Start of DATA FOR REVIEW
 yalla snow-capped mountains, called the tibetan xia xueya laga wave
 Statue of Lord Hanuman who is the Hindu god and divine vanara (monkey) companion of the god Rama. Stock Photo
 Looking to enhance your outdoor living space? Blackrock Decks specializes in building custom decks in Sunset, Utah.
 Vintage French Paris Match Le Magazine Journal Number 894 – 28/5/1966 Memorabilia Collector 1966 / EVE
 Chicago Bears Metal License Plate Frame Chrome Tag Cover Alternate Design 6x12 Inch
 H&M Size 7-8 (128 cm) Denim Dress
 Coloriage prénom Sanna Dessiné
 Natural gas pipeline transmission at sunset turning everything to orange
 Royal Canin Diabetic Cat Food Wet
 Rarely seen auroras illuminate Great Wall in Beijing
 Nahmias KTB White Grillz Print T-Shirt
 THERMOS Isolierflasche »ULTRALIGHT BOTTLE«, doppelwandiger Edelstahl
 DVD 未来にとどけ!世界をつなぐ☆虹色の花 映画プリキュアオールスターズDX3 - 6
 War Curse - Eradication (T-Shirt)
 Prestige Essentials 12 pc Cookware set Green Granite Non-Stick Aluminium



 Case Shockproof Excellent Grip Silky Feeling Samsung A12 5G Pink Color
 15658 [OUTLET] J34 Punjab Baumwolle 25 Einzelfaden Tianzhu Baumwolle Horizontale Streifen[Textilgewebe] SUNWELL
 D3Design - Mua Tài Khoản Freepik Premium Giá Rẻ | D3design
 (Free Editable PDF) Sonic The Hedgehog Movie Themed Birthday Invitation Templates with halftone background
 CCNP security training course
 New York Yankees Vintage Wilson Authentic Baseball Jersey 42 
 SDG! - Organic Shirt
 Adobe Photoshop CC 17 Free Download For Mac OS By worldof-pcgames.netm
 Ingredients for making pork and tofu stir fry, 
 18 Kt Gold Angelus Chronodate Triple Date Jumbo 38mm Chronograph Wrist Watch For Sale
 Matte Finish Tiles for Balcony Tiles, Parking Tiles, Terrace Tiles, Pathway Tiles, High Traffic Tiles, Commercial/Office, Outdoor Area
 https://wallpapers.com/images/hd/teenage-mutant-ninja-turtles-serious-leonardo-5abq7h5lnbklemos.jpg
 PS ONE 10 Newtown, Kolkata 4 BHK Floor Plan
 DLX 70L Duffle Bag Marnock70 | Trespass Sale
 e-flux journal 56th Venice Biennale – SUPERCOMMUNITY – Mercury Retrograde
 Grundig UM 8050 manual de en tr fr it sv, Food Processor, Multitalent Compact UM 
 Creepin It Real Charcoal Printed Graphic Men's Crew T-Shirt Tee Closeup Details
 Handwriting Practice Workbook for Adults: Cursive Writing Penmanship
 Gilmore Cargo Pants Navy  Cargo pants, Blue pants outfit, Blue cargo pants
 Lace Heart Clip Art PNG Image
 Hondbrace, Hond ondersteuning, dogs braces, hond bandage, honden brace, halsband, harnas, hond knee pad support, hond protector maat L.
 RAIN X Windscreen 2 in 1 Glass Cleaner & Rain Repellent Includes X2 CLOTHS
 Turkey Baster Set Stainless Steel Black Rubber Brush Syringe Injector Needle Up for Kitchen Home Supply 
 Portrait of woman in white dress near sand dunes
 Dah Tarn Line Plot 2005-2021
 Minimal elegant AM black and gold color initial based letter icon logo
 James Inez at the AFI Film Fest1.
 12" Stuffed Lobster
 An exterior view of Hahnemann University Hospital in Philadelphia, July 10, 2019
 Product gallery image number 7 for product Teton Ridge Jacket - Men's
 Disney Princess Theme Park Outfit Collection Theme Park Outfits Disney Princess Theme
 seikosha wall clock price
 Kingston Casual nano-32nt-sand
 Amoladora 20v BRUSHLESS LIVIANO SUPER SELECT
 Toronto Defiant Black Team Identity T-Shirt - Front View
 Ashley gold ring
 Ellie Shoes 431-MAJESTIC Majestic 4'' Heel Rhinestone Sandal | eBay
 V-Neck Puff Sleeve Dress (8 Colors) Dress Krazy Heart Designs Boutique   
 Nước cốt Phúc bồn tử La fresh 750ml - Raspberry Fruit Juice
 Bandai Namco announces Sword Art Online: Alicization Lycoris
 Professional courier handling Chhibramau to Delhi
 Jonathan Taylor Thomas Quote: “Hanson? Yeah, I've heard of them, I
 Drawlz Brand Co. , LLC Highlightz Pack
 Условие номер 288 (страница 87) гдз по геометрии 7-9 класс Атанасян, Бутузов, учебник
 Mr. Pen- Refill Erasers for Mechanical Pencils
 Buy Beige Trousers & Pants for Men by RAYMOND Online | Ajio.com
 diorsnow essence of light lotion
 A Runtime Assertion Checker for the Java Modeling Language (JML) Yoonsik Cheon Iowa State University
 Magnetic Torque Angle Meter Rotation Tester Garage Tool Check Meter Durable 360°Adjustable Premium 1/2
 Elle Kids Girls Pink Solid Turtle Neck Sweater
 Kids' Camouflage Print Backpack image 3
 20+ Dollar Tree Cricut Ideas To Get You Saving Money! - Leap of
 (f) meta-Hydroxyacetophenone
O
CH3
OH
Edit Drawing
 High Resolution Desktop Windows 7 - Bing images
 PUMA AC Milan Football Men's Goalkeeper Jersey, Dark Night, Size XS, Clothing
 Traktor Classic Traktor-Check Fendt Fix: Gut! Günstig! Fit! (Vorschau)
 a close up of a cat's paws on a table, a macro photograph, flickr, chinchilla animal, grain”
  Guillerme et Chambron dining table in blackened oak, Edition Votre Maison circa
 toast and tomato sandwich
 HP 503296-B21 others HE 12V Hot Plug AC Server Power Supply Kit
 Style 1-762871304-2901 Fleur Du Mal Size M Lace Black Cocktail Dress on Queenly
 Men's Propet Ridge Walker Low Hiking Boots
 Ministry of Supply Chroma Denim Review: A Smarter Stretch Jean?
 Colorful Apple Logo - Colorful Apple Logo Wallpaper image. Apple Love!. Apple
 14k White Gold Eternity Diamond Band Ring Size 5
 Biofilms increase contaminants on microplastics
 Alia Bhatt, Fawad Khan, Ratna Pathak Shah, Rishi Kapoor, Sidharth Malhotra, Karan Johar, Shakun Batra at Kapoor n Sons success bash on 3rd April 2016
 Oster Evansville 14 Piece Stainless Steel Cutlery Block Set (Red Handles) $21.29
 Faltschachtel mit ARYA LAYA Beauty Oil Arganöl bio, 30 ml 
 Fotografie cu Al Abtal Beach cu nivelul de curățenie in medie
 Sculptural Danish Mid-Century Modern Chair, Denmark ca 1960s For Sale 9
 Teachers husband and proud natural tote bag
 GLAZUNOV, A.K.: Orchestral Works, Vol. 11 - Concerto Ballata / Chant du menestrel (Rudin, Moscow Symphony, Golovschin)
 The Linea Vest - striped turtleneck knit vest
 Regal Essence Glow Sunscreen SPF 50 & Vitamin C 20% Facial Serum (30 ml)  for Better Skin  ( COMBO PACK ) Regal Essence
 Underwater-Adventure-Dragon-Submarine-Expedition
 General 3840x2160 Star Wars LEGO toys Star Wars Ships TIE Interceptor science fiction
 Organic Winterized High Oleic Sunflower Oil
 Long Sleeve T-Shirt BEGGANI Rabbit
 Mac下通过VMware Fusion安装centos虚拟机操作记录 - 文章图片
End of DATA FOR REVIEW
# WHAT YOU WILL DO:
Return the records in full, exactly as they read.

# SOLVED PROBLEM:
 yalla snow-capped mountains, called the tibetan xia xueya laga wave
 Statue of Lord Hanuman who is the Hindu god and divine vanara (monkey) companion of the god Rama. Stock Photo
 Looking to enhance your outdoor living space? Blackrock Decks specializes in building custom decks in Sunset, Utah.
 Vintage French Paris Match Le Magazine Journal Number 894 – 28/5/1966 Memorabilia Collector 1966 / EVE
 Chicago Bears Metal License Plate Frame Chrome Tag Cover Alternate Design 6x12 Inch
 H&M Size 7-8 (128 cm) Denim Dress
 Coloriage prénom Sanna Dessiné
 Natural gas pipeline transmission at sunset turning everything to orange
 Royal Canin Diabetic Cat Food Wet
 Rarely seen auroras illuminate Great Wall in Beijing
 Nahmias KTB White Grillz Print T-Shirt
 THERMOS Isolierflasche »ULTRALIGHT BOTTLE«, doppelwandiger Edelstahl
 DVD 未来にとどけ!世界をつなぐ☆虹色の花 映画プリキュアオールスターズDX3 - 6
 War Curse - Eradication (T-Shirt)
 Prestige Essentials 12 pc Cookware set Green Granite Non-Stick Aluminium



 Case Shockproof Excellent Grip Silky Feeling Samsung A12 5G Pink Color
 15658 [OUTLET] J34 Punjab Baumwolle 25 Einzelfaden Tianzhu Baumwolle Horizontale Streifen[Textilgewebe] SUNWELL
 D3Design - Mua Tài Khoản Freepik Premium Giá Rẻ | D3design
 (Free Editable PDF) Sonic The Hedgehog Movie Themed Birthday Invitation Templates with halftone background
 CCNP security training course
 New York Yankees Vintage Wilson Authentic Baseball Jersey 42 
 SDG! - Organic Shirt
 Adobe Photoshop CC 17 Free Download For Mac OS By worldof-pcgames.netm
 Ingredients for making pork and tofu stir fry, 
 18 Kt Gold Angelus Chronodate Triple Date Jumbo 38mm Chronograph Wrist Watch For Sale
 Matte Finish Tiles for Balcony Tiles, Parking Tiles, Terrace Tiles, Pathway Tiles, High Traffic Tiles, Commercial/Office, Outdoor Area
 https://wallpapers.com/images/hd/teenage-mutant-ninja-turtles-serious-leonardo-5abq7h5lnbklemos.jpg
 PS ONE 10 Newtown, Kolkata 4 BHK Floor Plan
 DLX 70L Duffle Bag Marnock70 | Trespass Sale
 e-flux journal 56th Venice Biennale – SUPERCOMMUNITY – Mercury Retrograde
 Grundig UM 8050 manual de en tr fr it sv, Food Processor, Multitalent Compact UM 
 Creepin It Real Charcoal Printed Graphic Men's Crew T-Shirt Tee Closeup Details
 Handwriting Practice Workbook for Adults: Cursive Writing Penmanship
 Gilmore Cargo Pants Navy  Cargo pants, Blue pants outfit, Blue cargo pants
 Lace Heart Clip Art PNG Image
 Hondbrace, Hond ondersteuning, dogs braces, hond bandage, honden brace, halsband, harnas, hond knee pad support, hond protector maat L.
 RAIN X Windscreen 2 in 1 Glass Cleaner & Rain Repellent Includes X2 CLOTHS
 Turkey Baster Set Stainless Steel Black Rubber Brush Syringe Injector Needle Up for Kitchen Home Supply 
 Portrait of woman in white dress near sand dunes
 Dah Tarn Line Plot 2005-2021
 Minimal elegant AM black and gold color initial based letter icon logo
 James Inez at the AFI Film Fest1.
 12" Stuffed Lobster
 An exterior view of Hahnemann University Hospital in Philadelphia, July 10, 2019
 Product gallery image number 7 for product Teton Ridge Jacket - Men's
 Disney Princess Theme Park Outfit Collection Theme Park Outfits Disney Princess Theme
 seikosha wall clock price
 Kingston Casual nano-32nt-sand
 Amoladora 20v BRUSHLESS LIVIANO SUPER SELECT
 Toronto Defiant Black Team Identity T-Shirt - Front View
 Ashley gold ring
 Ellie Shoes 431-MAJESTIC Majestic 4'' Heel Rhinestone Sandal | eBay
 V-Neck Puff Sleeve Dress (8 Colors) Dress Krazy Heart Designs Boutique   
 Nước cốt Phúc bồn tử La fresh 750ml - Raspberry Fruit Juice
 Bandai Namco announces Sword Art Online: Alicization Lycoris
 Professional courier handling Chhibramau to Delhi
 Jonathan Taylor Thomas Quote: “Hanson? Yeah, I've heard of them, I
 Drawlz Brand Co. , LLC Highlightz Pack
 Условие номер 288 (страница 87) гдз по геометрии 7-9 класс Атанасян, Бутузов, учебник
 Mr. Pen- Refill Erasers for Mechanical Pencils
 Buy Beige Trousers & Pants for Men by RAYMOND Online | Ajio.com
 diorsnow essence of light lotion
 A Runtime Assertion Checker for the Java Modeling Language (JML) Yoonsik Cheon Iowa State University
 Magnetic Torque Angle Meter Rotation Tester Garage Tool Check Meter Durable 360°Adjustable Premium 1/2
 Elle Kids Girls Pink Solid Turtle Neck Sweater
 Kids' Camouflage Print Backpack image 3
 20+ Dollar Tree Cricut Ideas To Get You Saving Money! - Leap of
 (f) meta-Hydroxyacetophenone
O
CH3
OH
Edit Drawing
 High Resolution Desktop Windows 7 - Bing images
 PUMA AC Milan Football Men's Goalkeeper Jersey, Dark Night, Size XS, Clothing
 Traktor Classic Traktor-Check Fendt Fix: Gut! Günstig! Fit! (Vorschau)
 a close up of a cat's paws on a table, a macro photograph, flickr, chinchilla animal, grain”
  Guillerme et Chambron dining table in blackened oak, Edition Votre Maison circa
 toast and tomato sandwich
 HP 503296-B21 others HE 12V Hot Plug AC Server Power Supply Kit
 Style 1-762871304-2901 Fleur Du Mal Size M Lace Black Cocktail Dress on Queenly
 Men's Propet Ridge Walker Low Hiking Boots
 Ministry of Supply Chroma Denim Review: A Smarter Stretch Jean?
 Colorful Apple Logo - Colorful Apple Logo Wallpaper image. Apple Love!. Apple
 14k White Gold Eternity Diamond Band Ring Size 5
 Biofilms increase contaminants on microplastics
 Alia Bhatt, Fawad Khan, Ratna Pathak Shah, Rishi Kapoor, Sidharth Malhotra, Karan Johar, Shakun Batra at Kapoor n Sons success bash on 3rd April 2016
 Oster Evansville 14 Piece Stainless Steel Cutlery Block Set (Red Handles) $21.29
 Faltschachtel mit ARYA LAYA Beauty Oil Arganöl bio, 30 ml 
 Fotografie cu Al Abtal Beach cu nivelul de curățenie in medie
 Sculptural Danish Mid-Century Modern Chair, Denmark ca 1960s For Sale 9
 Teachers husband and proud natural tote bag
 GLAZUNOV, A.K.: Orchestral Works, Vol. 11 - Concerto Ballata / Chant du menestrel (Rudin, Moscow Symphony, Golovschin)
 The Linea Vest - striped turtleneck knit vest
 Regal Essence Glow Sunscreen SPF 50 & Vitamin C 20% Facial Serum (30 ml)  for Better Skin  ( COMBO PACK ) Regal Essence
 Underwater-Adventure-Dragon-Submarine-Expedition
 General 3840x2160 Star Wars LEGO toys Star Wars Ships TIE Interceptor science fiction
 Organic Winterized High Oleic Sunflower Oil
 Long Sleeve T-Shirt BEGGANI Rabbit
 Mac下通过VMware Fusion安装centos虚拟机操作记录 - 文章图片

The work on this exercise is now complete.